Arch 4A-E Poster #25
[ ]
Wed 19 Jun 10:30 a.m. PDT — noon PDT


Image and video analysis requires not only accurate object detection but also the understanding of relationships among detected objects.Common solutions to relation modeling typically resort to stand-alone object detectors followed by non-differentiable post-processing techniques. Recently introduced detection transformers (DETR) perform end-to-end object detection based on a bipartite matching loss. Using traditional object detection methods or even DETR-based models (deformable detr, dino, etc.) lacks the ability to detect objects and their relationships directly.In this paper, we build on this approach and extend it to the joint detection of objects and their relationships.A naive extension of DETR to object relations, however, leads to a NP-hard problem.
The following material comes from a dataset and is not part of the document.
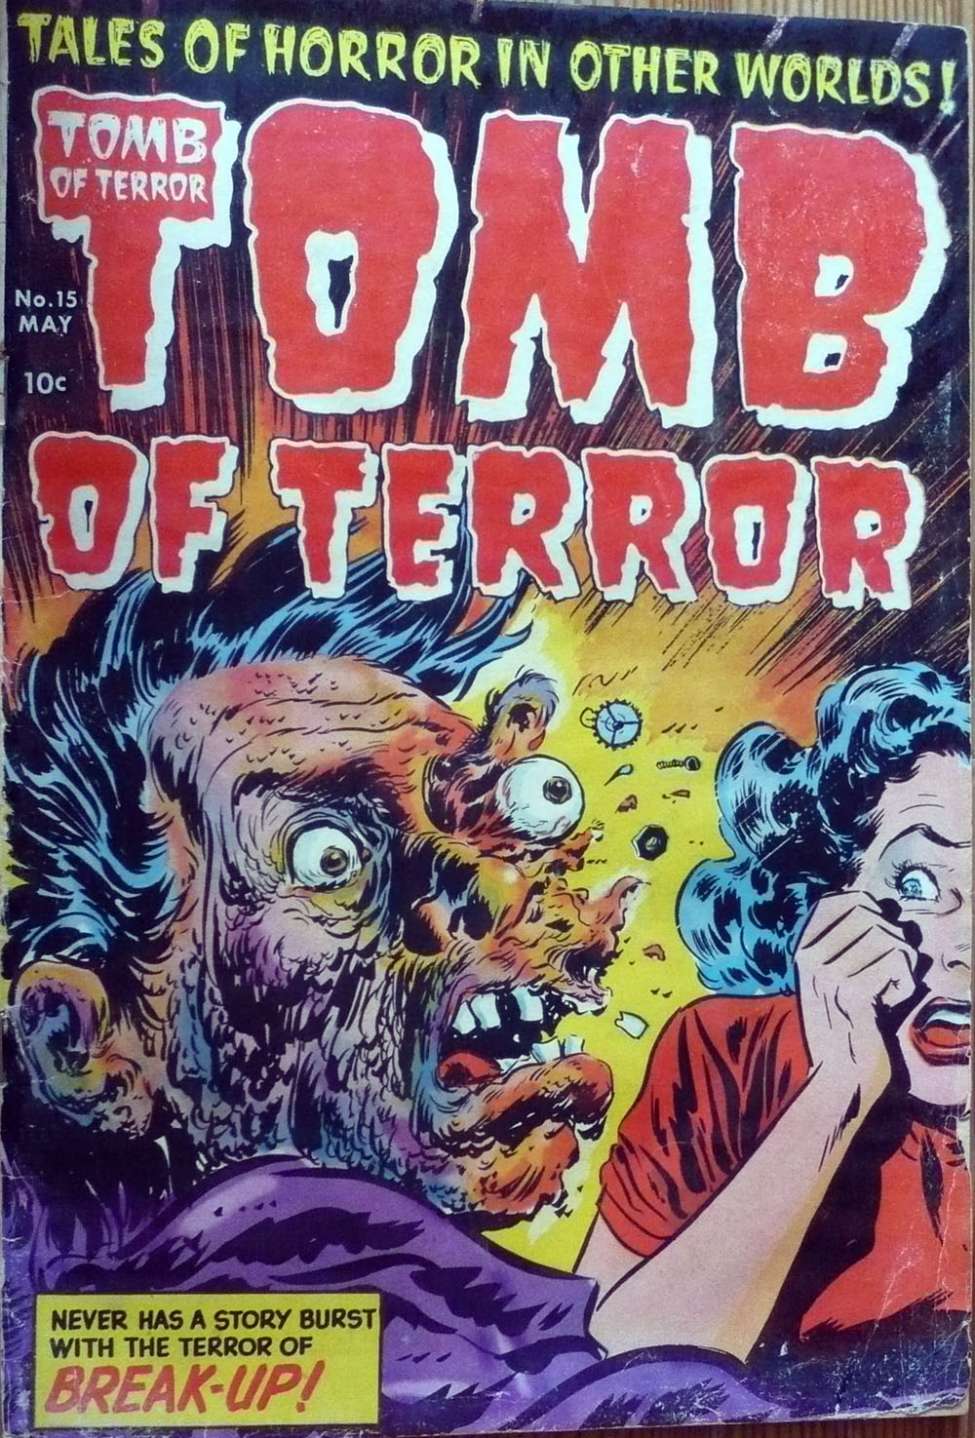 Book Cover For Tomb of Terror 15
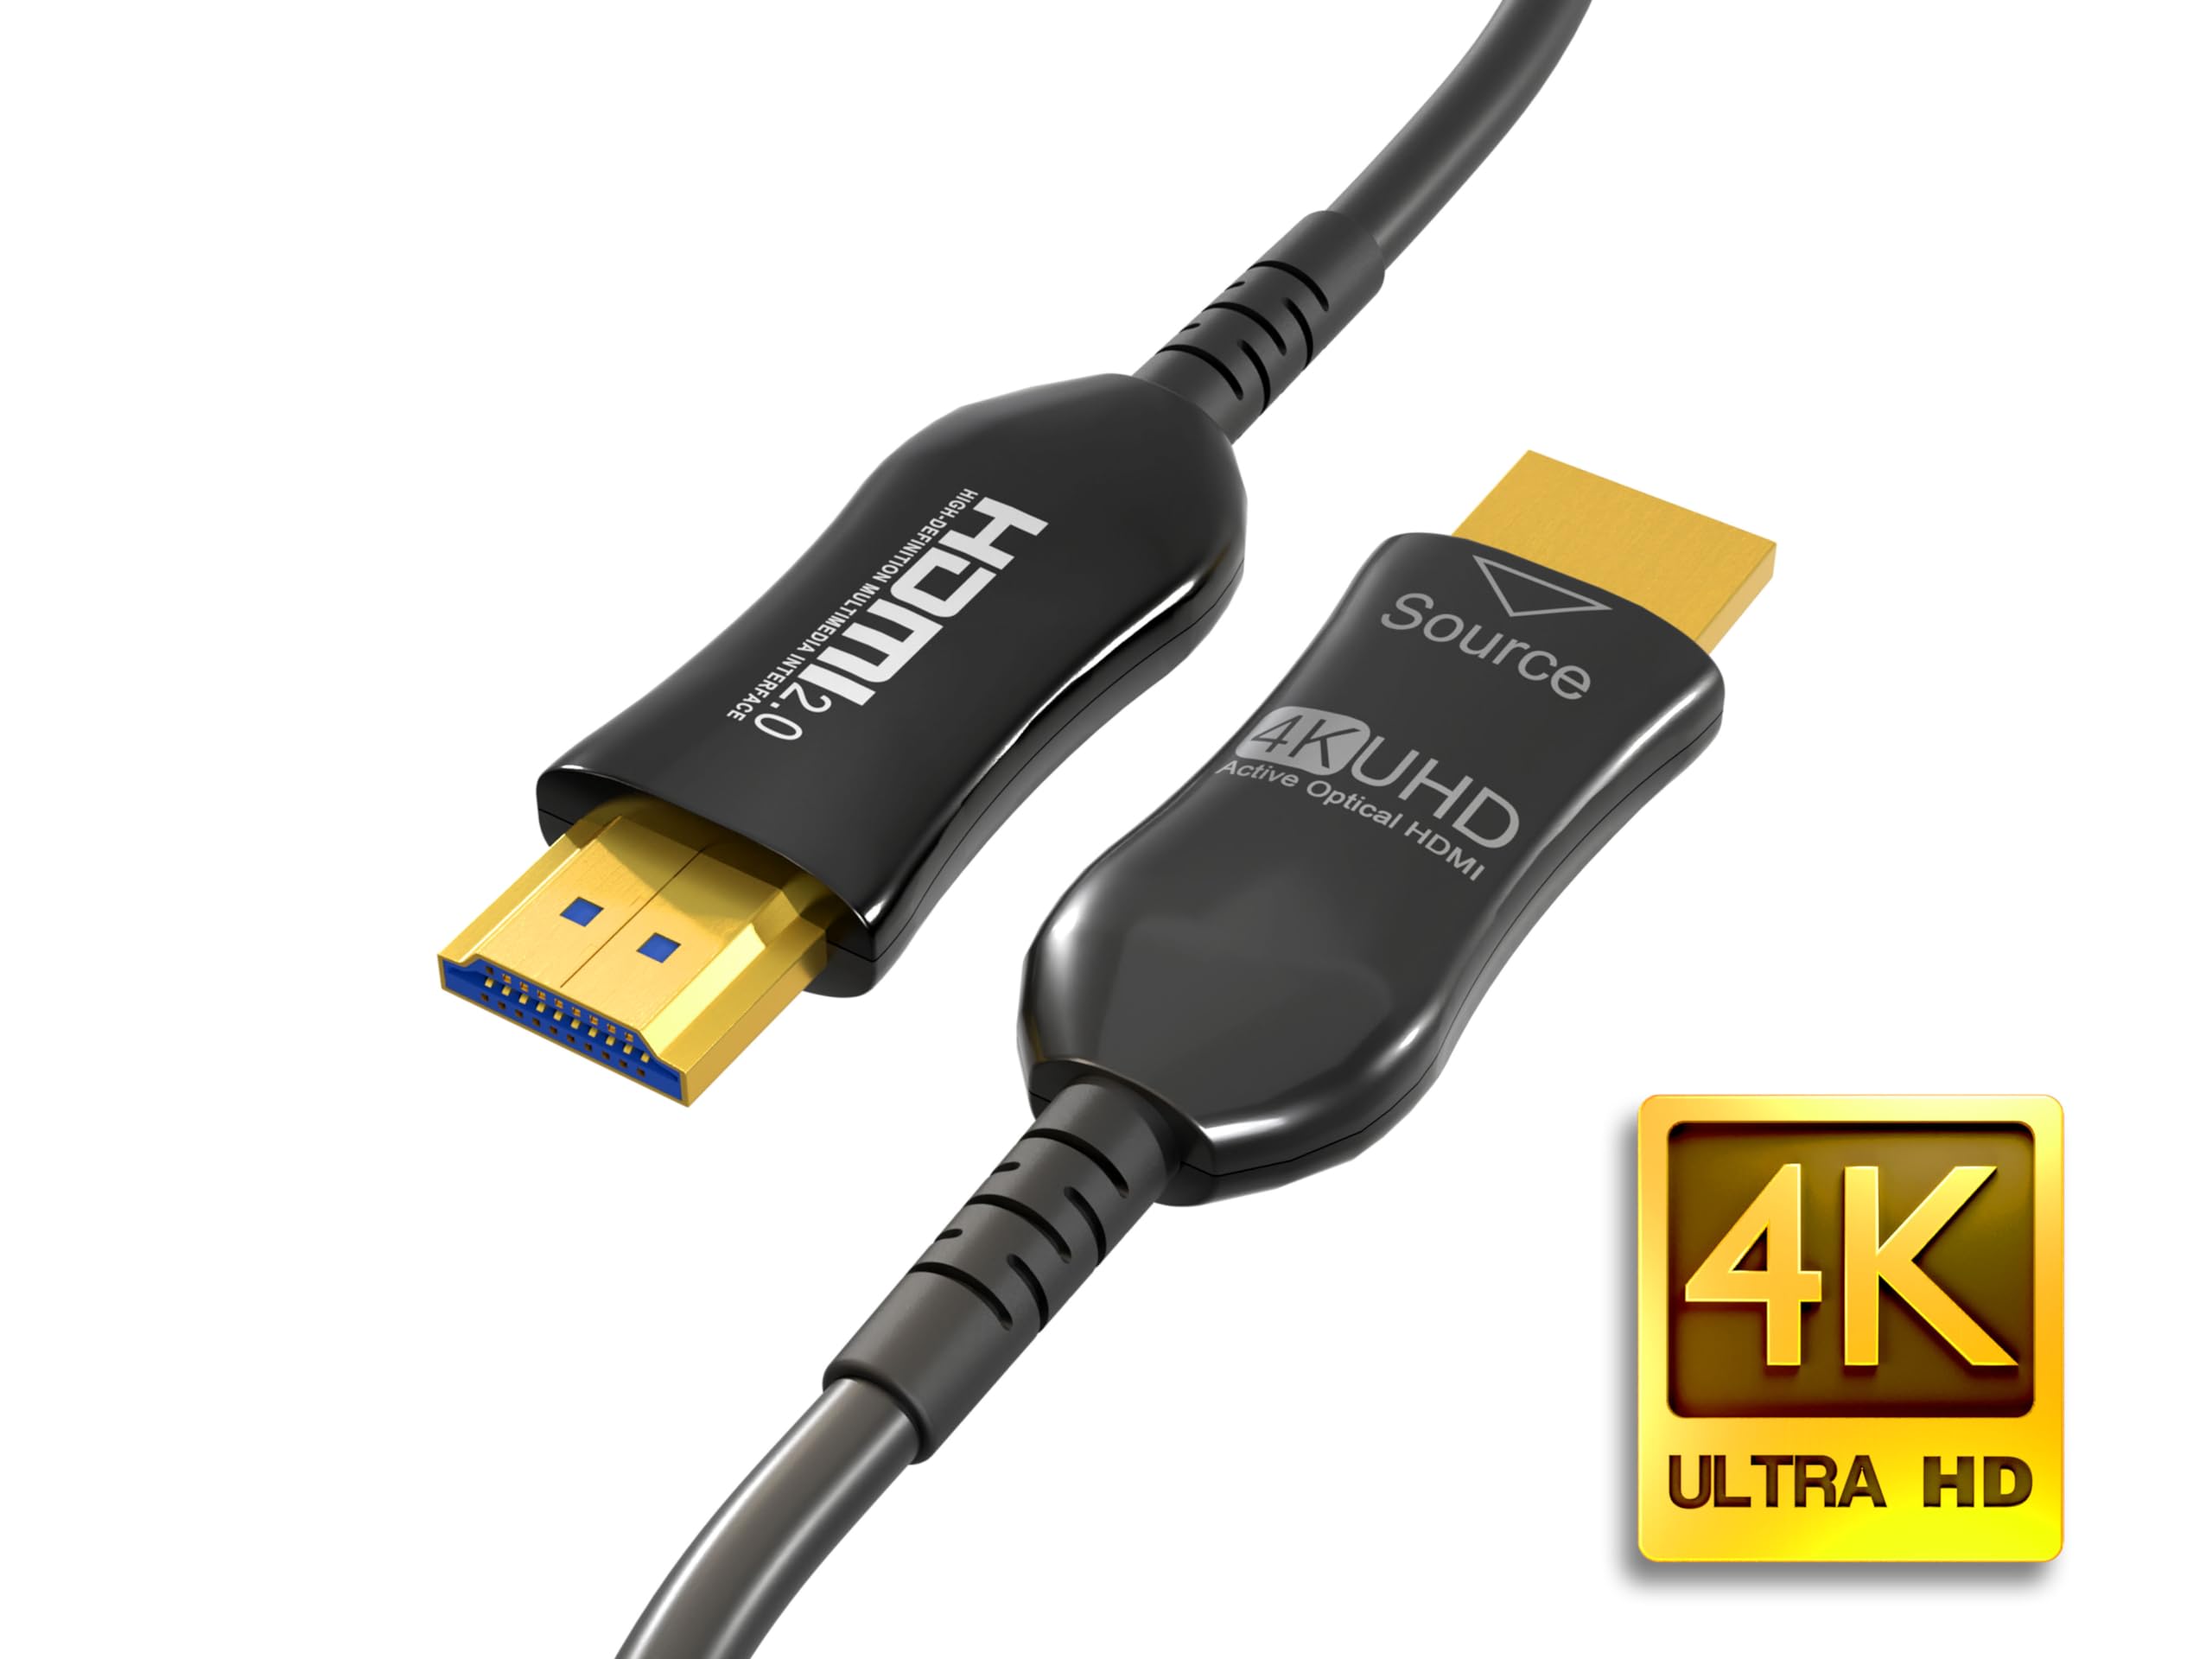 Cablelera 4K UHD CMP HDMI Cable 2.0, Hybrid Active Optical Cable (AOC), 18Gbps Hyper Fast Long Distance Data Transmission, ARC, HDCP, NVIDIA, AMD, PS5, Xbox, Gaming, Movie, Plenum Rated, 50ft

To this end, we propose an approximate solution based on bipartite matching.While our method can generalize to an arbitrary number of objects, we here focus on the modeling of object pairs and their relations.In particular, we apply our method PairDETR to the problem of detecting human bodies, faces, and associations between bodies and faces of the same person. Our approach not only eliminates the need for hand-designed post-processing but also achieves excellent results for body-face associations.We evaluate PairDETR on the challenging CrowdHuman and CityPersons datasets and demonstrate a significant improvement over the state of the art. Our training code and pre-trained models will become publicly available.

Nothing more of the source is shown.